26. The resorbable scar-tissue reduction micro-membrane system as set forth in Claim 3, wherein the single layer of resorbable polymer base material comprises at least one notch disposed in the non-porous base material.

27. The resorbable scar-tissue reduction micro-membrane system as set forth in Claim 3, wherein the single layer of resorbable polymer base material comprises a plurality of notches disposed in the non-porous base material.

28. The resorbable scar-tissue reduction micro-membrane system as set forth in Claim 3, wherein the single layer of resorbable polymer base material is cut to have a non-rectangular and non-circular shape and is sealed in a sterile packaging.

29. The resorbable scar-tissue reduction micro-membrane system as set forth in Claim 3, wherein the resorbable scar-tissue reduction micro-membrane system further includes another membrane, which comprises a maximum thickness less than 2000 microns and which is permeable.

30. The resorbable scar-tissue reduction micro-membrane system as set forth in Claim 3, wherein the other membrane is a bridging membrane.

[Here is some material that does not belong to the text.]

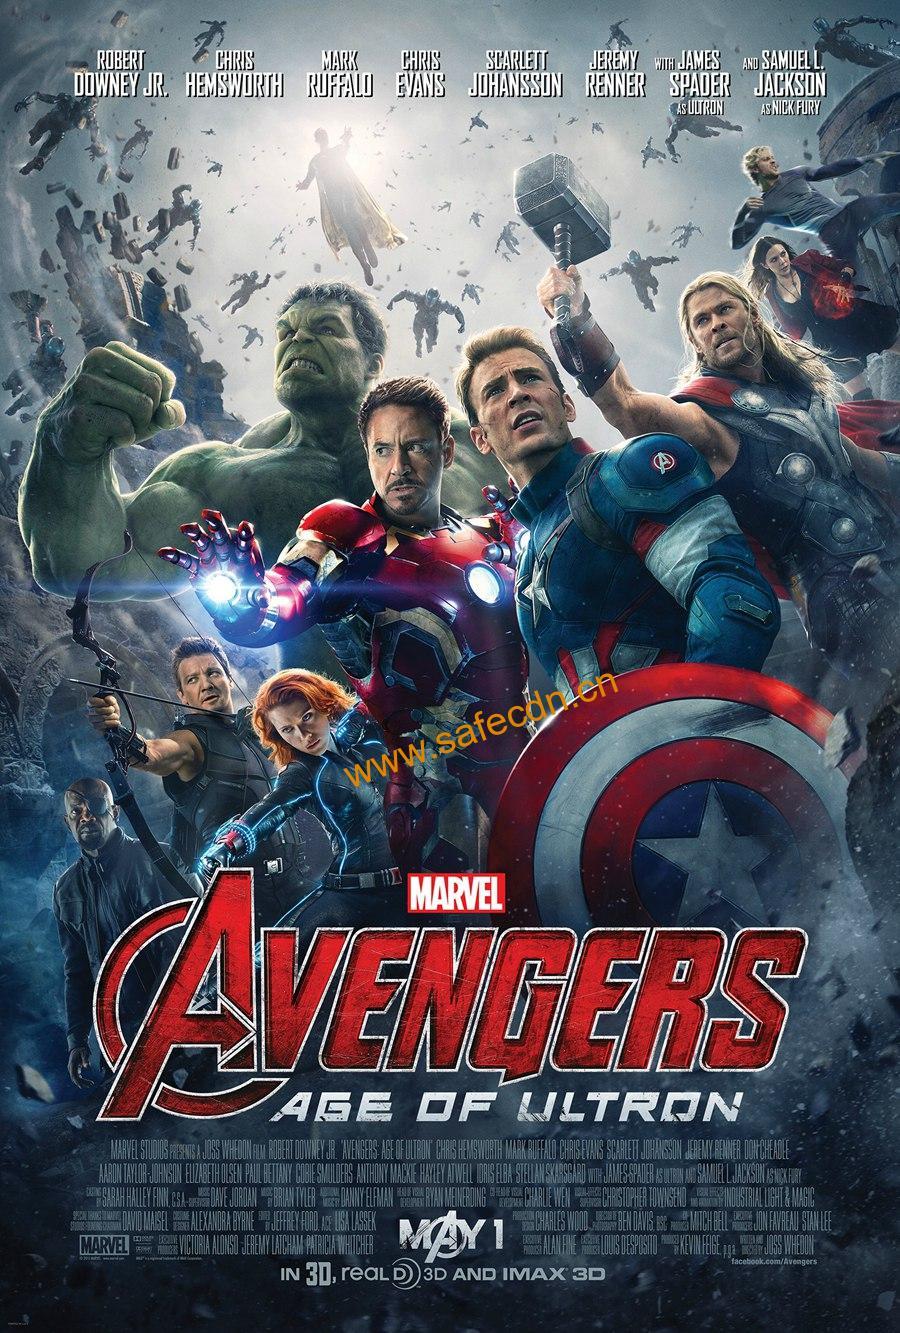 复仇者联盟2:奥创纪元 蓝光原盘下载+高清MKV版/ 复仇者联盟:奥创时代 / 复仇者联盟:奥创年代 / 复联2 /2015 Marvel Avengers: Age of Ultron 41.68G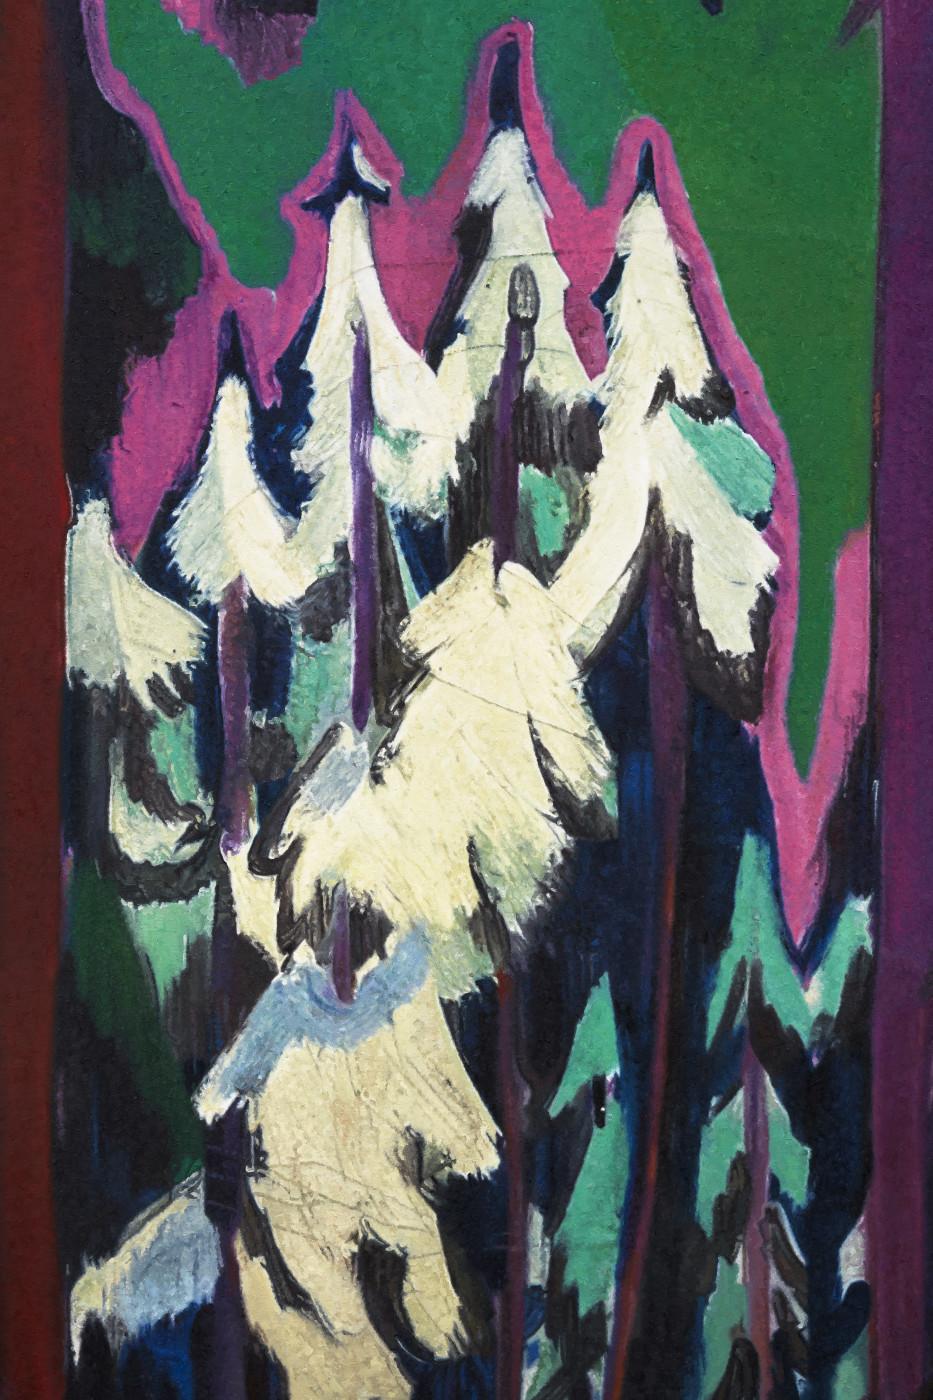 "<div class=""artwork_caption""><div class=""title""><i>Kirchner Wald im Winter 1925,</i>2019</div><div class=""medium"">oil on canvas</div><div class=""dimensions"">242.3 x 203 x 5.8 cm / 95 3/8 x 79 7/8 x 2 1/4 in</div></div><div class=""link""><span class=""website_contact_form"" data-contact-form-details=""Kirchner Wald im Winter 1925, 2019  oil on canvas  242.3 x 203 x 5.8 cm / 95 3/8 x 79 7/8 x 2 1/4 in"" data-contact-form-image=""https://artlogic-res.cloudinary.com/w_200,h_200,c_fill,f_auto,fl_lossy/ws-sadiecoles/usr/exhibitions/images/exhibitions/854/hq24-rs17209p_wald_im_winter_5.jpg"">Enquire</span></div>"

31. The resorbable scar-tissue reduction micro-membrane system as set forth in Claim 3, wherein the other membrane is fluid permeable.

32. The resorbable scar-tissue reduction micro-membrane system as set forth in Claim 3, wherein the other membrane is cell permeable.

33. The resorbable scar-tissue reduction micro-membrane system as set forth in Claim 3, wherein the other membrane is vessel permeable.

34. The resorbable scar-tissue reduction micro-membrane system as set forth in Claim 3, wherein the other membrane comprises a thickness between 500 microns and 2000 microns.